::: Source data :::

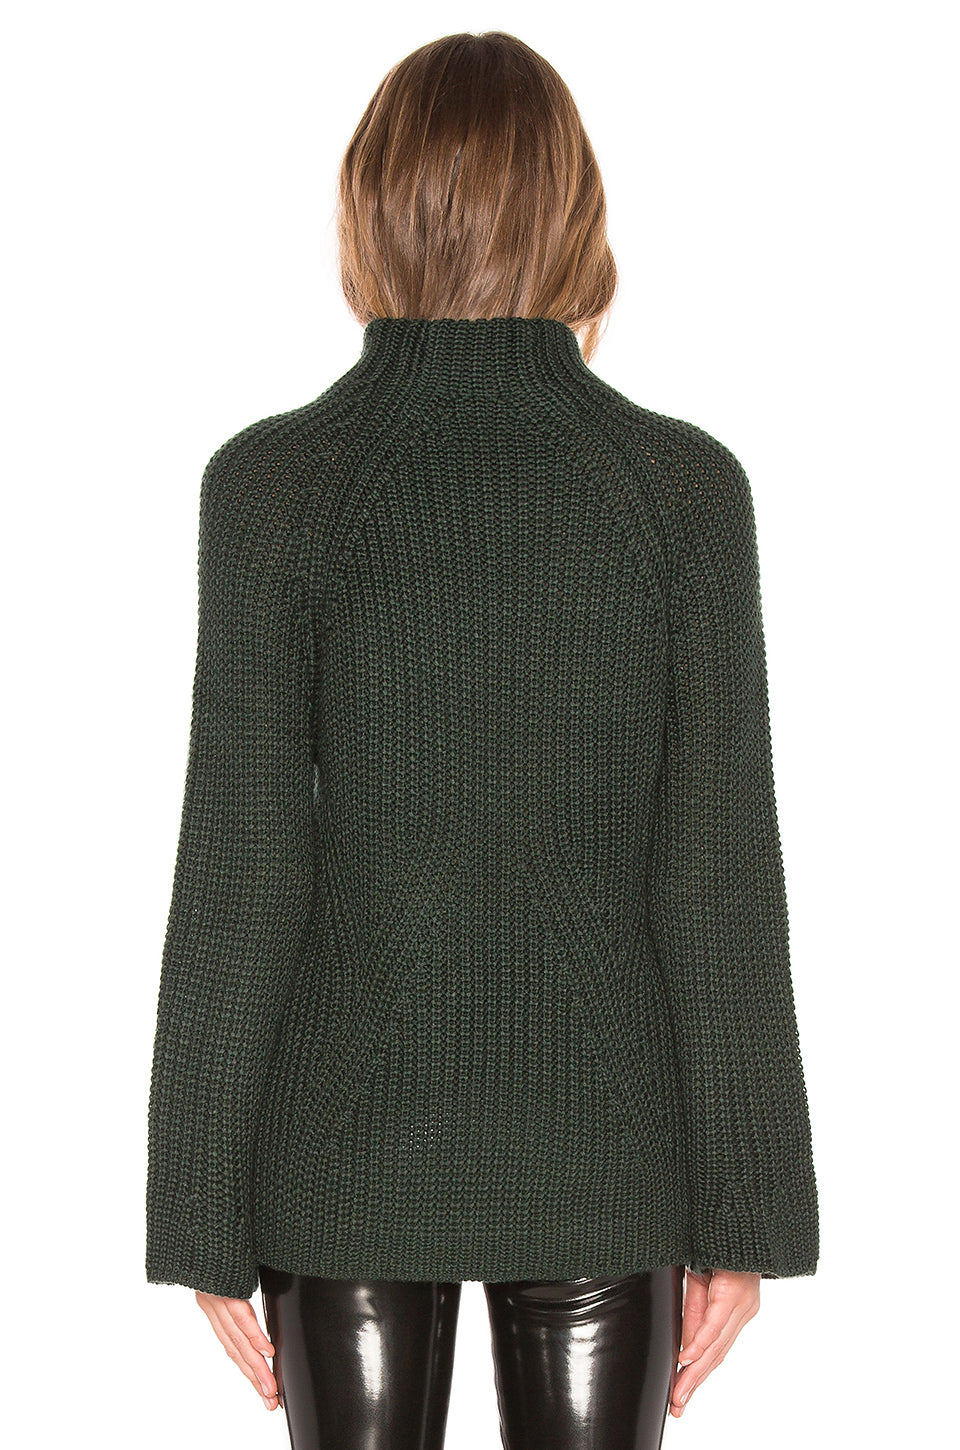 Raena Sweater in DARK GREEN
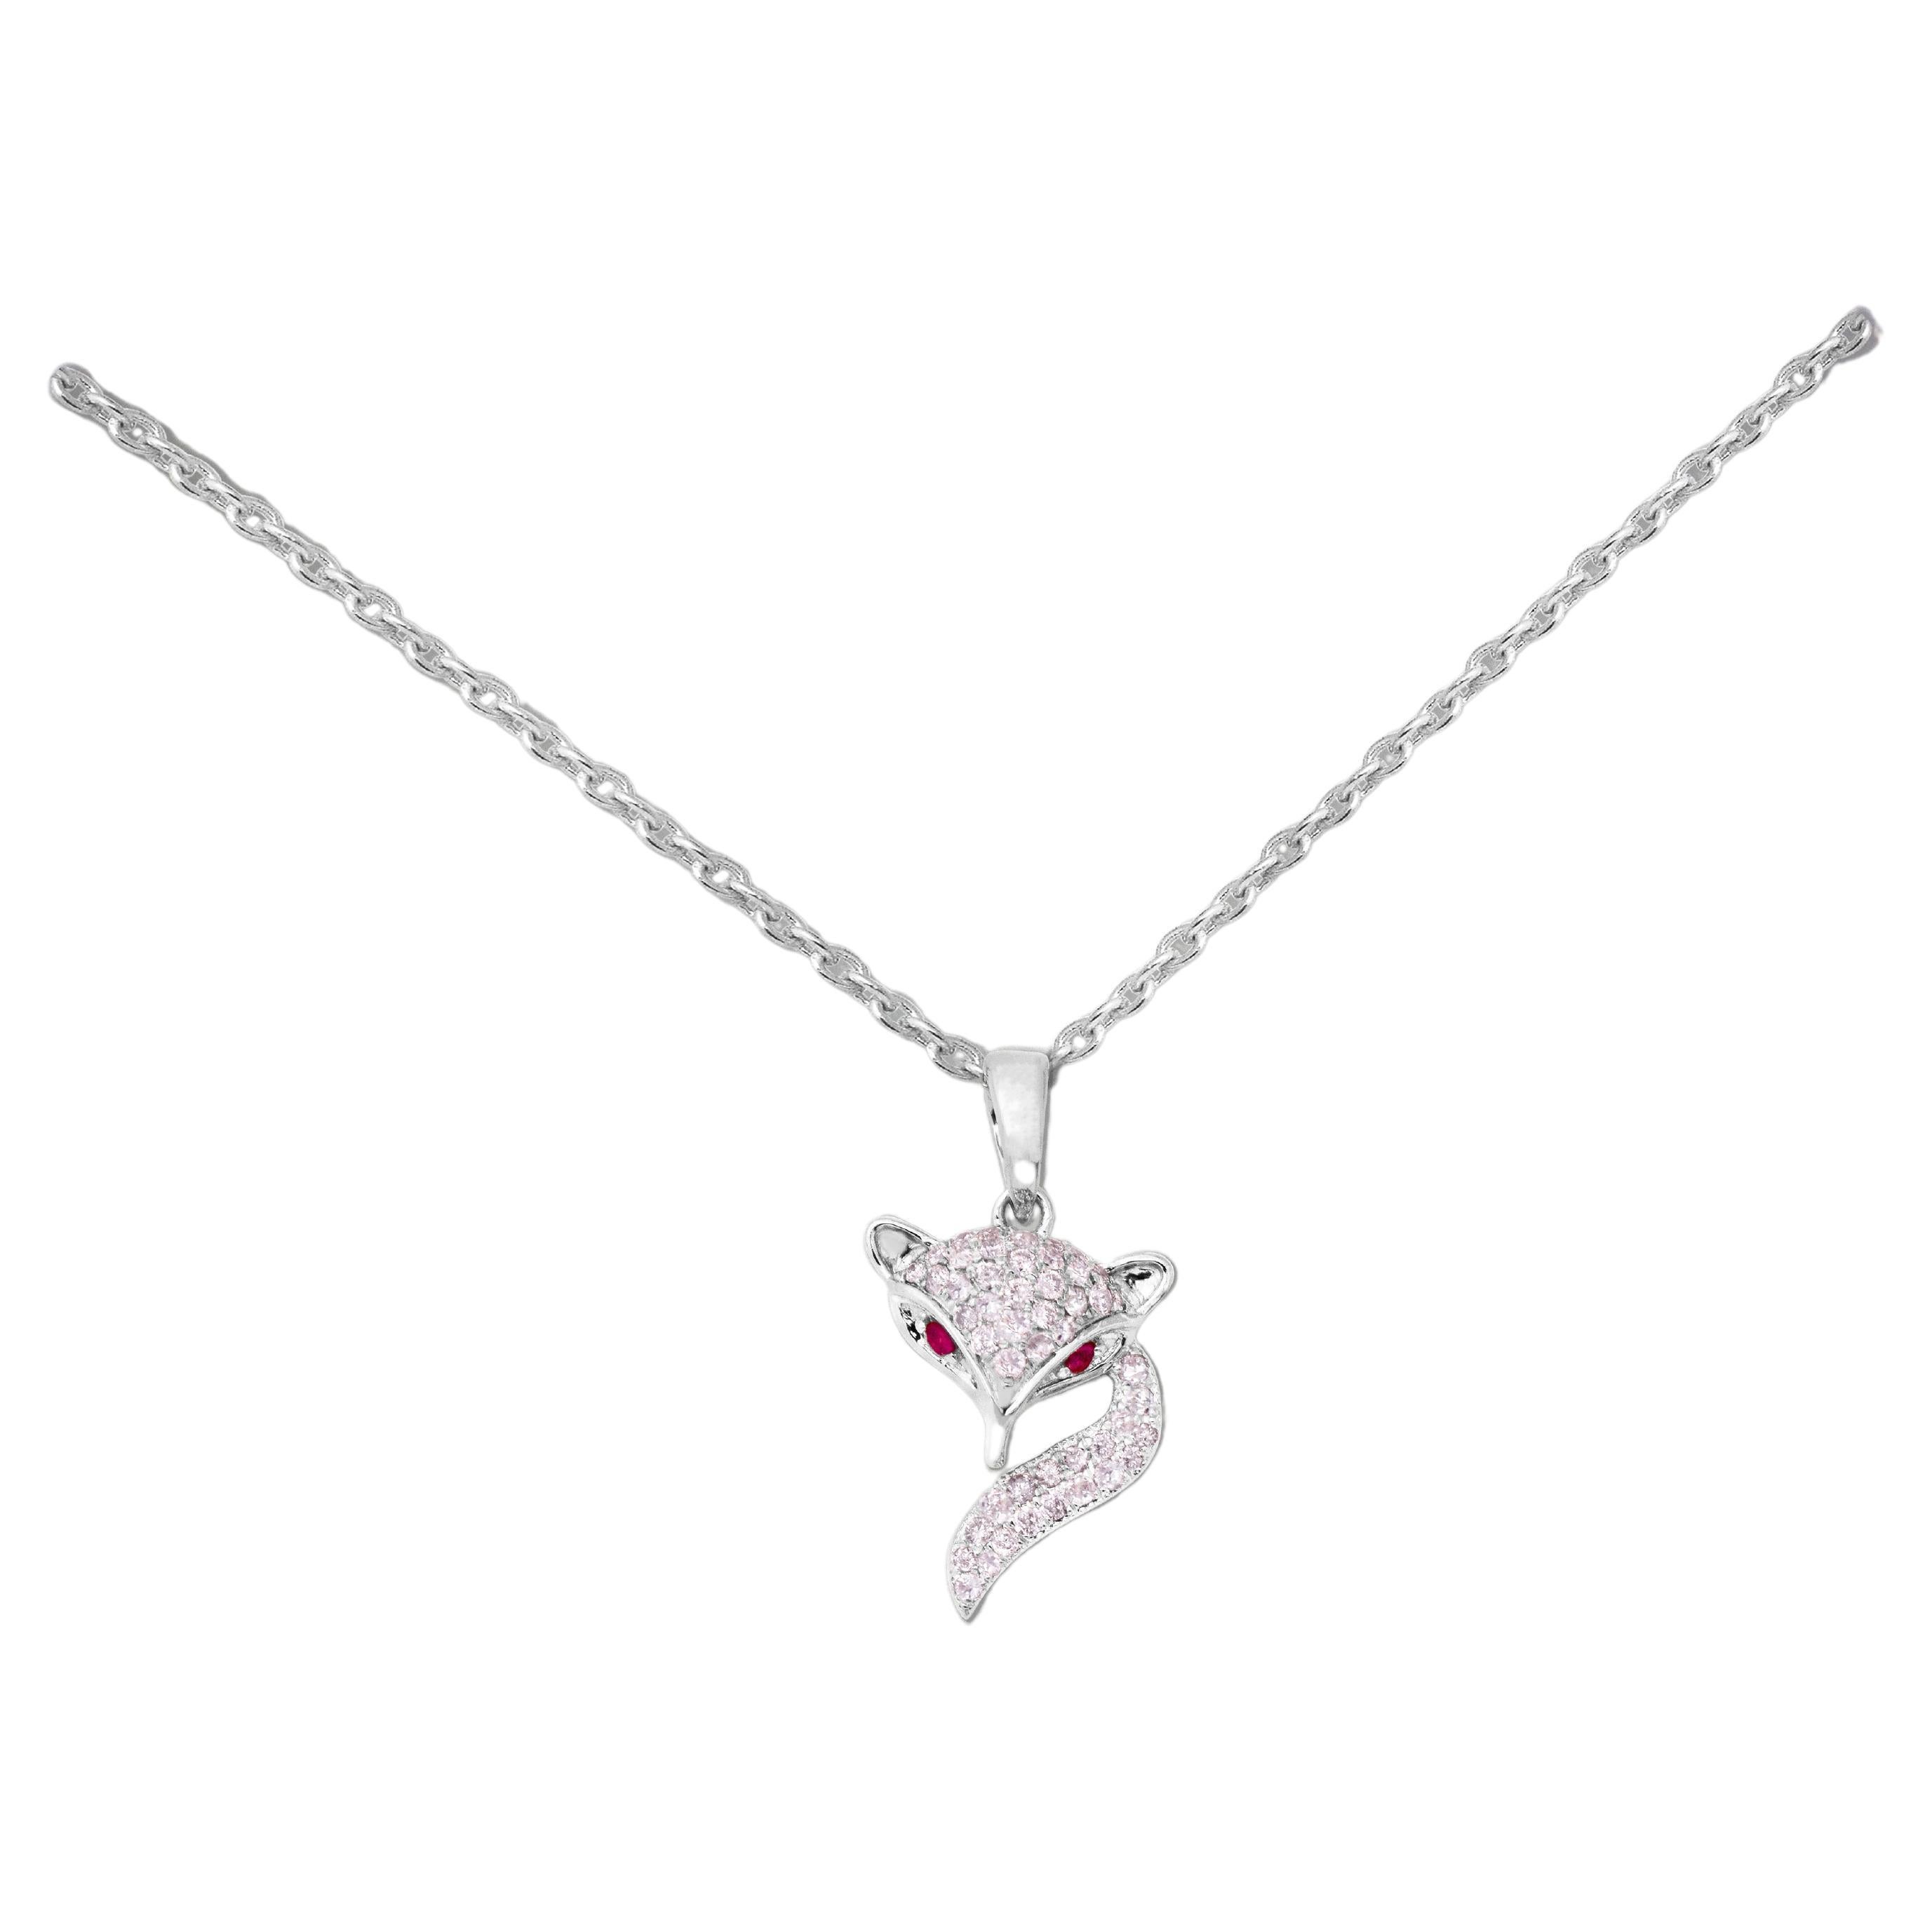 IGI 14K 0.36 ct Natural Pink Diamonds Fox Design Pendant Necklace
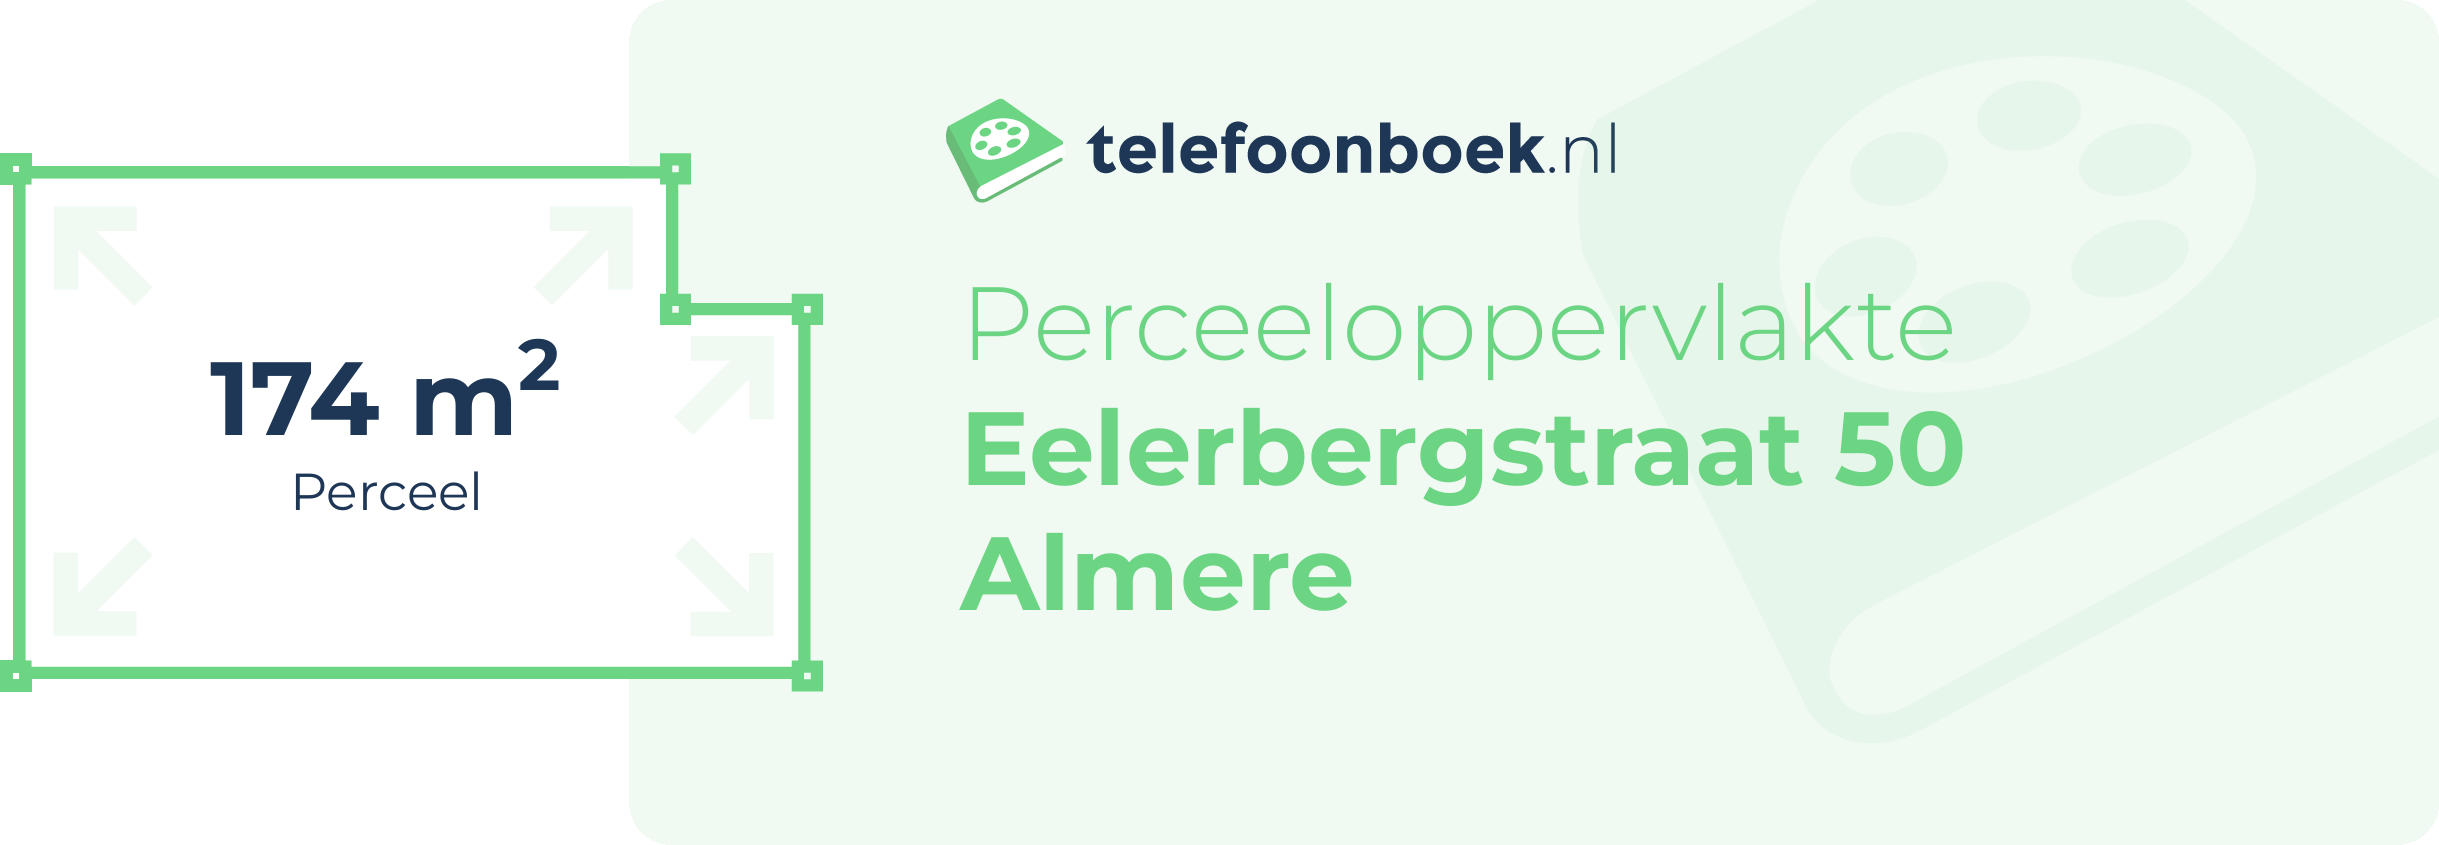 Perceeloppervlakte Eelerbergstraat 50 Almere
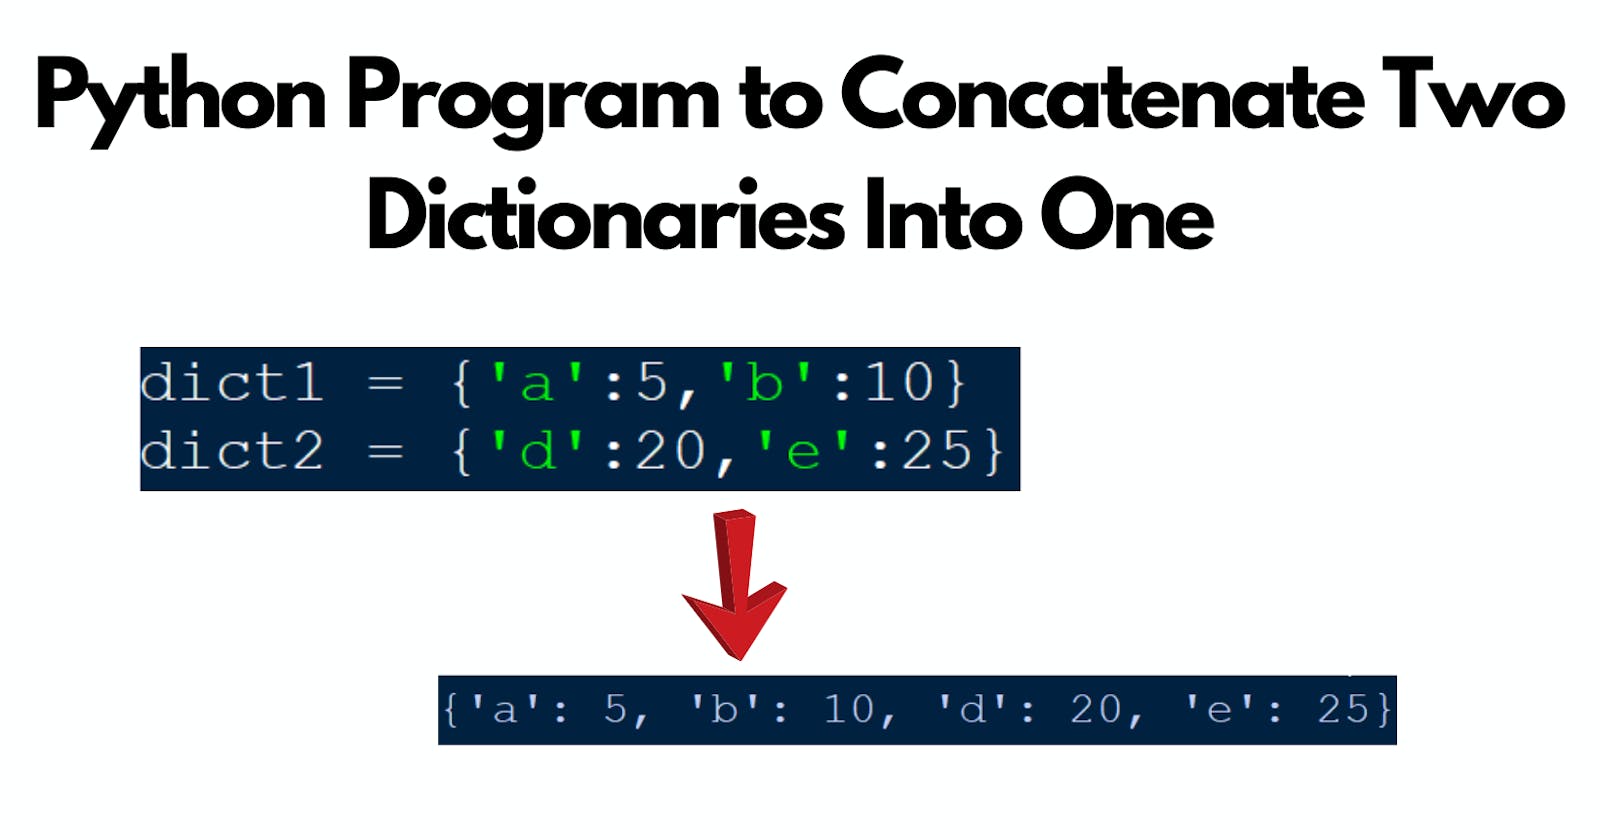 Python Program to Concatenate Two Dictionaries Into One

:::

Assigned task
Return the full material word for word. Do not include the pictures.

Response below
 Raena Sweater in DARK GREEN
 IGI 14K 0.36 ct Natural Pink Diamonds Fox Design Pendant Necklace
 Perceeloppervlakte Eelerbergstraat 50 Almere
 Python Program to Concatenate Two Dictionaries Into One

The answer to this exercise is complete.